Write out only the lines from the line containing "捜索中、ポスティング、近くのお店にポスター。" to the end of the listing below, both included, exactly as they stand. Drop the pictures.

--------

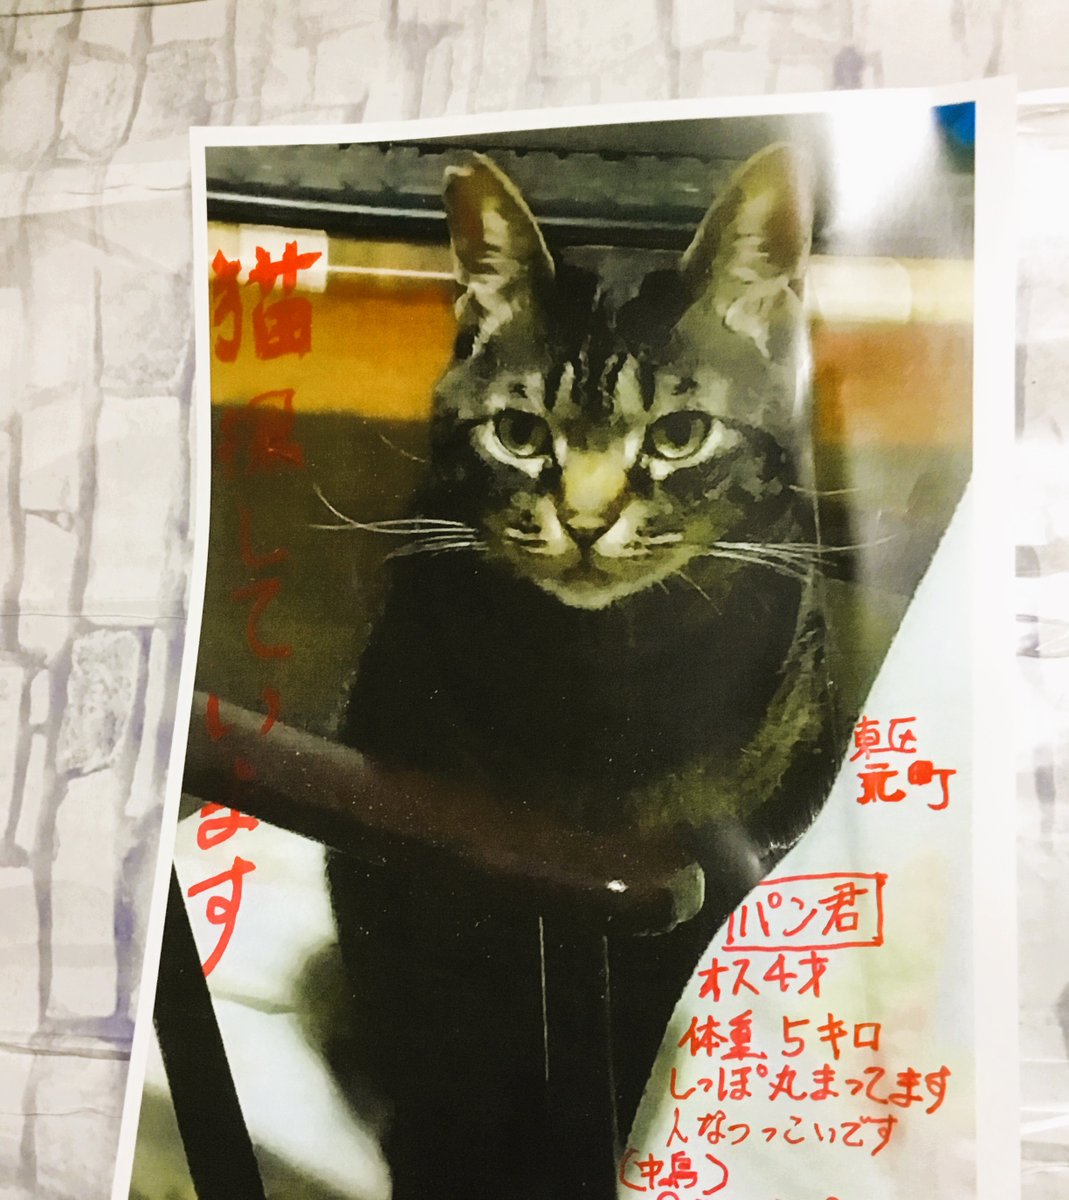 #拡散希望
猫を探しています。
捜索中、ポスティング、近くのお店にポスター。
さらに、 InstagramとFacebookに地域限定の広告。
現在4歳、生後9カ月のとき山奥に捨てられていた保護猫。キジトラ猫、人懐っこい。
ご協力お願いいたします 。
#迷い猫 #迷子猫 #札幌市　東区元町
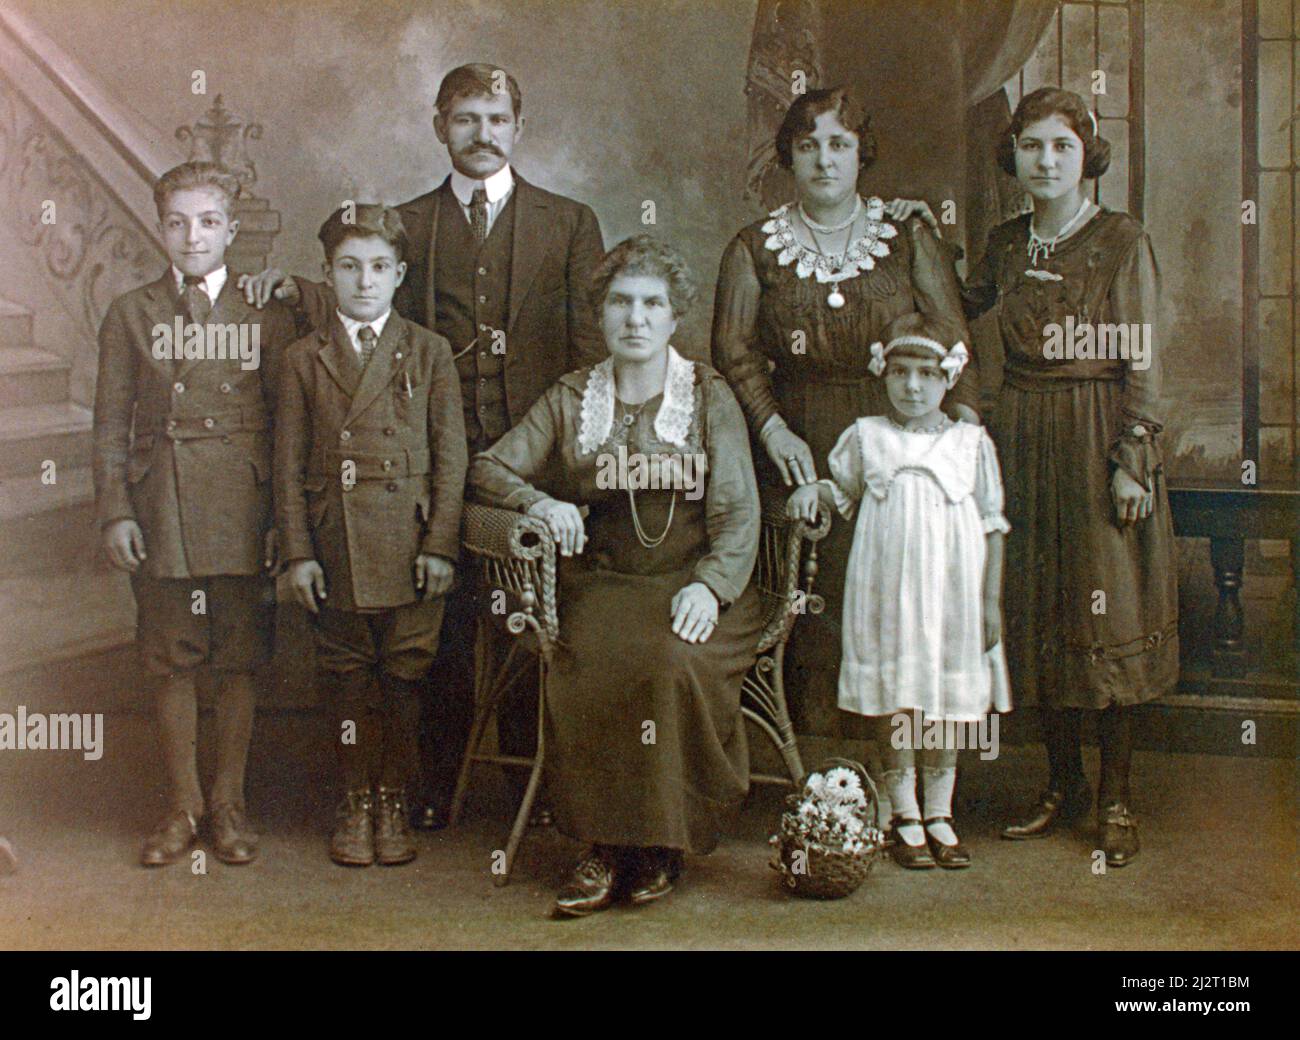 Vintage studo photo of an Armenian family. Taken circa 1917. Stock Photo

--------

- _RESPONSE AREA_
捜索中、ポスティング、近くのお店にポスター。
さらに、 InstagramとFacebookに地域限定の広告。
現在4歳、生後9カ月のとき山奥に捨てられていた保護猫。キジトラ猫、人懐っこい。
ご協力お願いいたします 。
#迷い猫 #迷子猫 #札幌市　東区元町
 Vintage studo photo of an Armenian family. Taken circa 1917. Stock Photo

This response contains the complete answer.